THE NUJ SHOULD urgently debate the consequences for journalism of artificial intelligence, a union webinar has been told. The Ethics Council should trigger the debate with a view to possibly amending the Code of Professional Conduct.

The Council organised the online session to talk about the importance of the Code, which is part of the union's rules, and discuss its future. More than 60 members took part.

Joyce McMillan, a former member of the NUJ National Executive, now chair of Edinburgh Freelance Branch, said that the council should sponsor a debate on fake material - possibly adding a clause to the Code - based on "the issue that photographers are raising all the time about the manipulation of images".

Bristol photographer Simon Chapman said all AI-generated material should be labelled. "AI is changing things very fast and we have got to keep up", he said.

Joyce McMillan also said the Code should be amended to cover the way the mainstream media set the agenda on major stories that other journalists had to follow. She cited the "small boats" angle that dominated reporting migration - although it was "only a tiny proportion of what is happening.
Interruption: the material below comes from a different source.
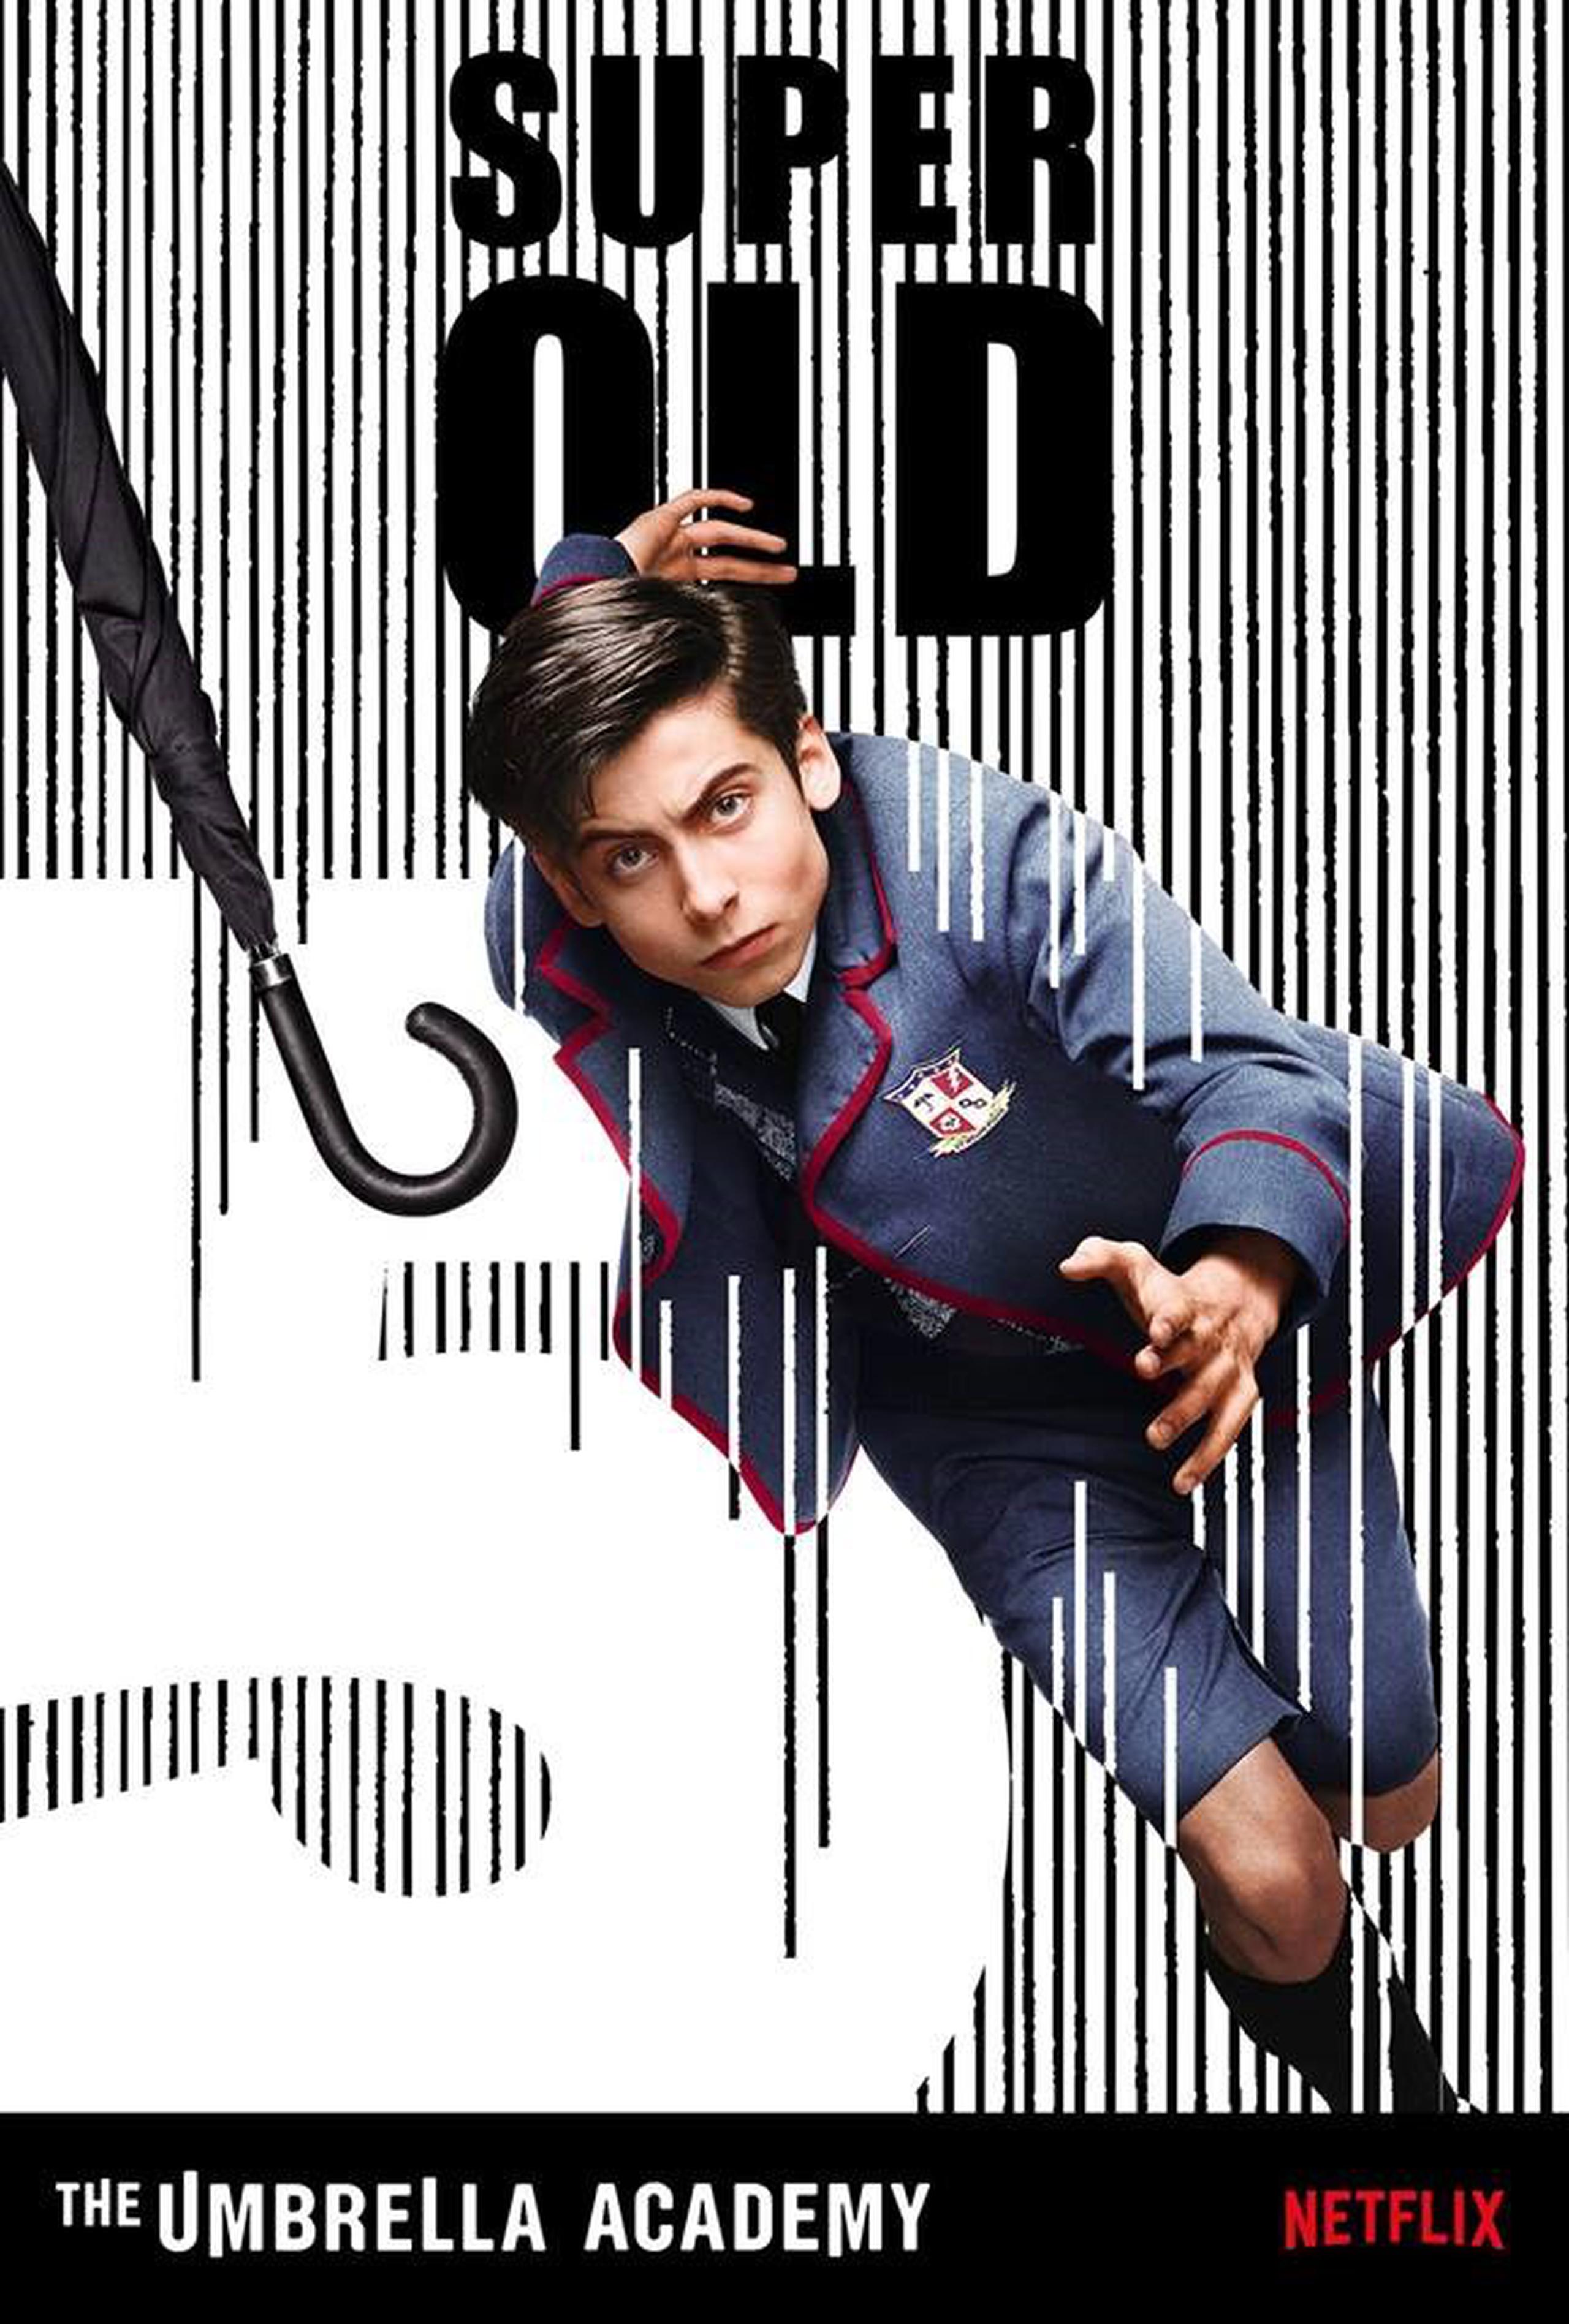 Aidan Gallagher – Number Five / The Boy. (Facebook)

This is the kind of issue which is making a lot of groups in our society very disillusioned with mainstream media".

But Ethics Council chair Professor Christ Frost cautioned that he was "a little nervous about changing the code too easily".

The webinar heard from the former journalist and Labour MP Chris Mullin, a London Freelance Branch member and champion of the Code of Conduct - who in 2022 defied a court order to identify a confidential source. The case arose from a series of spectacular stories in the 1990s, which proved that the six men jailed for the IRA bombing in Birmingham in 1974 were innocent - which Chris Mullin proved by tracking down the real culprits. To nail the story he had to promise never to publish their names.

Police made no serious attempt to bring them to justice until 25 years later - when they ordered Chris Mullin to break his pledge and had over his material. He refused and, with the backing of the NUJ, won the case as an Old Bailey judge overturned the order.